A good documentation explaining the API is a fundamental requirement for any well-known frameworks, otherwise users like us would have no idea how to use these APIs.
However, applications can sometimes bypass transport layer and directly use the services provided by, for example
- Network layer: routing table
- Data link layers: LAN card driver
Communications
Host-to-host | Process-to-process | |
---|---|---|
Latency | short | long |
Jitter | small | large |
Flow control | easy | need extra protocols |
Jitter: you can think it as variance
small large 0.1s 0.01s 0.2s 0.3s 0.1s 20s 0.1s 0.01s
While host-to-host communication in IP or data link layers has low latency and small jitter, the process-to-process communication has relatively opposite. Therefore, you need extra protocols (or layer) to control the flow rate in a multi-hop networ, that is Transport layer.
Image credit to Professor Wang's slides
Functions in transport layer
- Addressing
- Error control & reliability
- Rate control
- Socket programming interface
Addressing
There are many process runnning on a host, so transport lyer defines the port number (16 bits in the Internet solution) to multiplex and demultiplex. When pacekts arrive on your computer based on the IP address, they need to knowhich process do they go next, i.e., demultiplexing. And vice versa when packets go out from each process.
Port number can be either well-known (e.g. SSH uses port 22) or dynamically assigned.
Error control & reliability
Transport layer usually adopts cyclic redundancy check (CRC) and checksum for error detection to guarantee data integrity. Here we give a simple example of the checksum calculation. Suppose that we have the following three 16-bit words.
0110011001100000
0101010101010101
1000111100001100
The sum of first two of these 16-bit words is
0110011001100000
0101010101010101
---------------- addition
1011101110110101
Adding the third word to the above sum gives
1011101110110101
1000111100001100
---------------- addition
0100101011000010
Note that the second addition had overflow, which the leading 1 was wrapped around and add to the trailing bit.
Finally, perform 1's complement then we get the checksum
0100101011000010
---------------- 1's complement
1011010100111101
Rate control
- Window-based control regulates the sending rate by controlling the number of outstanding packets (i.e. a packet that has been sent but its ACK has not returned yet) which can be simultaneously in transit.
- Rate-based control allows the sender to directly adjust its sending rate when receiving an explicit notification of how fast it should send.
Socket programming interface
- TCP socket vs. UDP socket
- We'll discuss in details later
- BSD socket interface semantic
- Explained below
BSD socket interface
Procedures for outgoing packets
- An app can choose either
sendto()
(UDP, RAW) orwrite()
(TCP) to send data. - Allocate an
skb
buffer in kernel-space memory. - Copy data from user-space memory to
skb
buffer (kernel space). - Insert
skb
insk_write_queue
ofstruct sock
. - Push out data from the queue and forward it to the IP layer.
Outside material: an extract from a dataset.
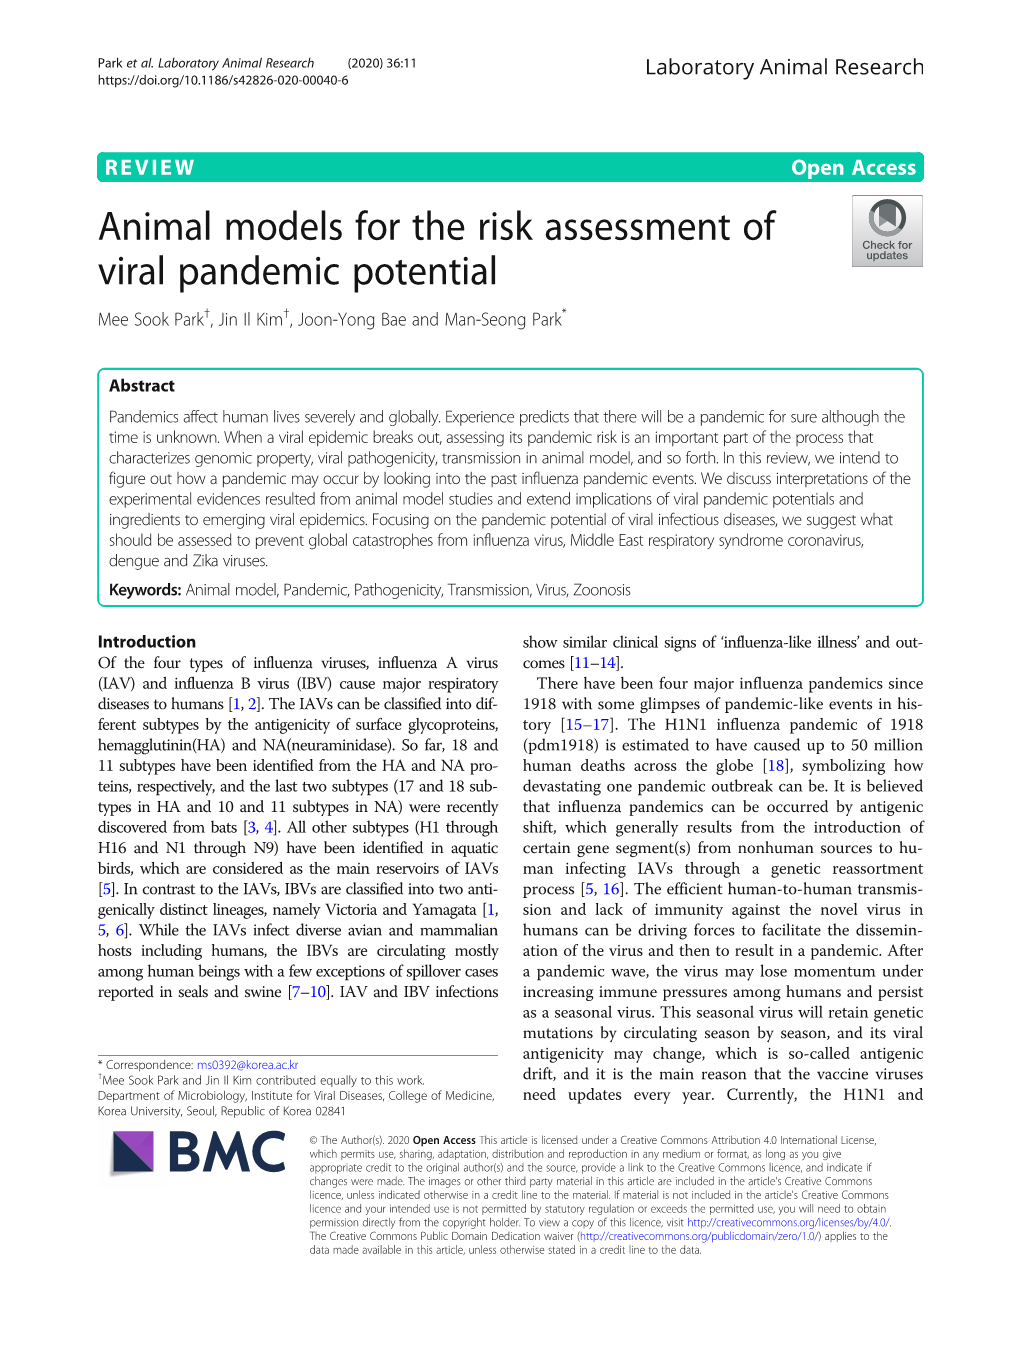 Animal Models for the Risk Assessment of Viral Pandemic Potential Mee Sook Park†, Jin Il Kim†, Joon-Yong Bae and Man-Seong Park*

Image credit to Professor Wang's slides
Procedure for incoming packets
- An appl calls either
recvform()
(UDP, RAW) prread()
(TCP) to obtain data from socket data structure. - Call a non-blocing function call
io_local_deliver_finish
to retrievestruck sock
of that packet and insert the received packet into flow's queue. - When the data is ready in the queue, notify the app taht data are available for receipt.
- Then Remove data from queue corresponding to the flow into an
skb
space. - Finally, copy data from kernel-space memory to user-space one.
Image credit to Professor Wang's slides
Unreliable Protocol: UDP
UDP is used to transmit urgent or real-time data.
- Unreliable connectionless protocol
- Does not provide reliability and rate control.
- Stateless protocol
- Sending and receiving of a segment is independent of that of any other segments, thus packets may arrive out-of-order due to different route.
UDP header format
UDP header supports addressing and error detection. A socket pair of 5-tuple
- src IP addr
- src port
- dst IP addr
- dst port
- transport portocol
uniquely identifies a communication flow.
- UDP header
- source/destination port numbers
- IP header (not shown here)
- source/destination IP addresses and transport protocol
0 | 15 |
source port number | destination port number |
UDP length (of data) | UDP checksum (optional) |
data (if any) |
Socket pair is full-duplex, meaning that data can be transmitted through the socket connection in both directions simultaneously, whereas half-duplex means one direction at a time.
UDP header supports addressing and error detection
- UDP header provides a 16-bit checksum for data integrity, but it can be disabled by setting the chekcsum field to zero.
- UDP receivers will drop the datagrams whose checksum field does not match the result they calculated (without retransmission)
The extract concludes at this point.